Many studies provided only point (rather than spread) estimates of the near versus far benefit. Across all studies, the corrected near > far benefit varied from − 42 ms (performance worse with near than far, Teramoto et al. 2013) to + 81 ms (Teneggi et al. 2013, Experiment 3). Across our Experiments 3–4, where participants could perform the task above chance, random effects meta-analysis (JASP 0.9.2) revealed a non-significant overall RT benefit of near over far stimuli of 9.5 ms, with 95% confidence intervals {− 26.1, 45.2} ms, Z = 0.52, p = 0.60.

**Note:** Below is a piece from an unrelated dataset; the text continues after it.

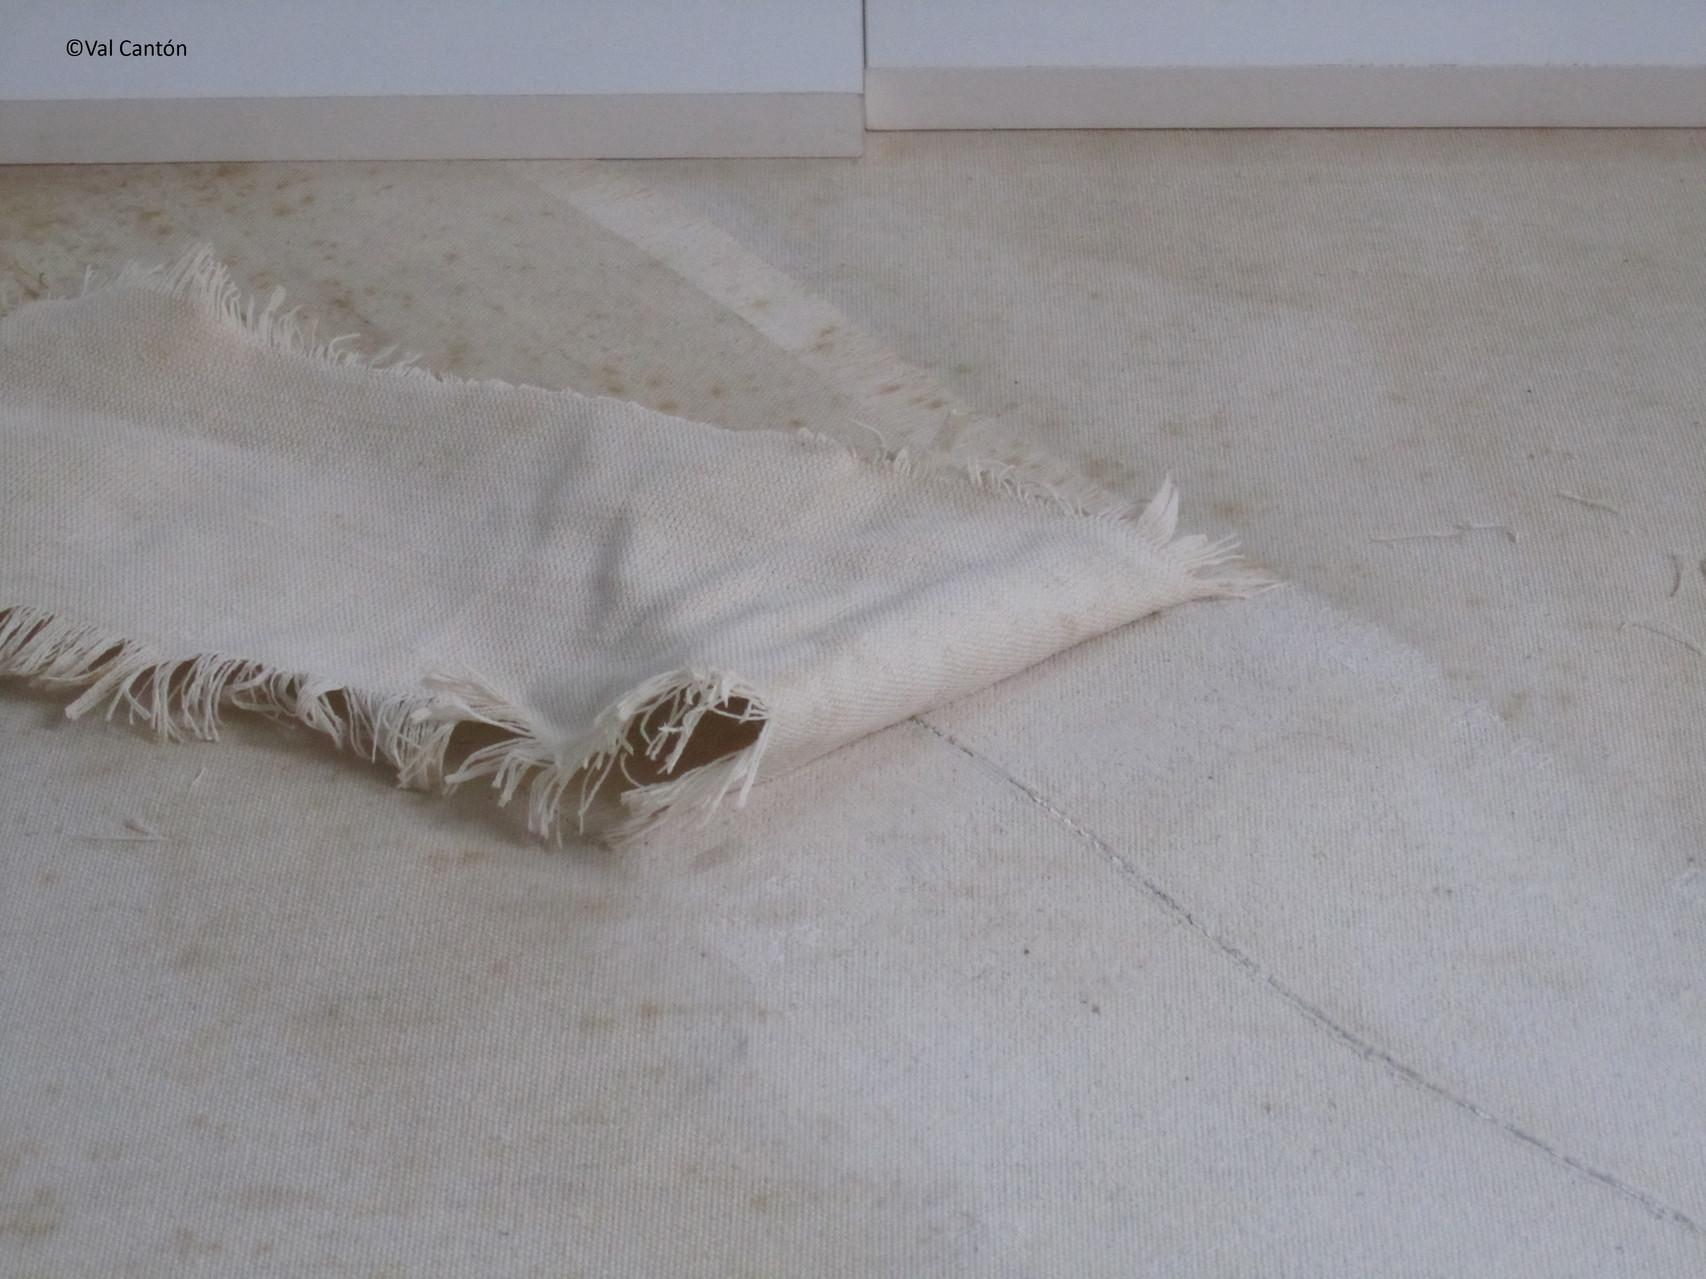 Proceso de eliminación de parche de tela.

Across all studies, after correcting for the speed of sound, removing failed and biased studies, and correcting for the expectancy effect, the meta-analytic effect size was 25.7 ms {18.5, 32.9} ms, Z = 7.00, p < 0.001. The resulting funnel plot appeared asymmetric (Fig. 3a), suggesting publication bias. The trim-and-fill algorithm converged after eight iterations, and suggested there are 12 ‘suppressed’ or missing effect sizes, along with 23 published effect sizes. Filling-in these missing effects resulted in a meta-analytic mean near > far benefit of 15.2 ms {7.7, 22.8} ms, Z = 3.96, p < 0.001, Fig. 3b. This effect size does not take into account the proportion of Go trials or the number of trials per condition, which differ substantially across studies and explain a significant portion of variance in the near > far benefit (Supplementary Figs. 1 and 2). Including both of these additional adjustments reduced the meta-analytic mean effect size to 5.9 ms {− 1.4, 13.1} ms, Z = 1.58, p = 0.115.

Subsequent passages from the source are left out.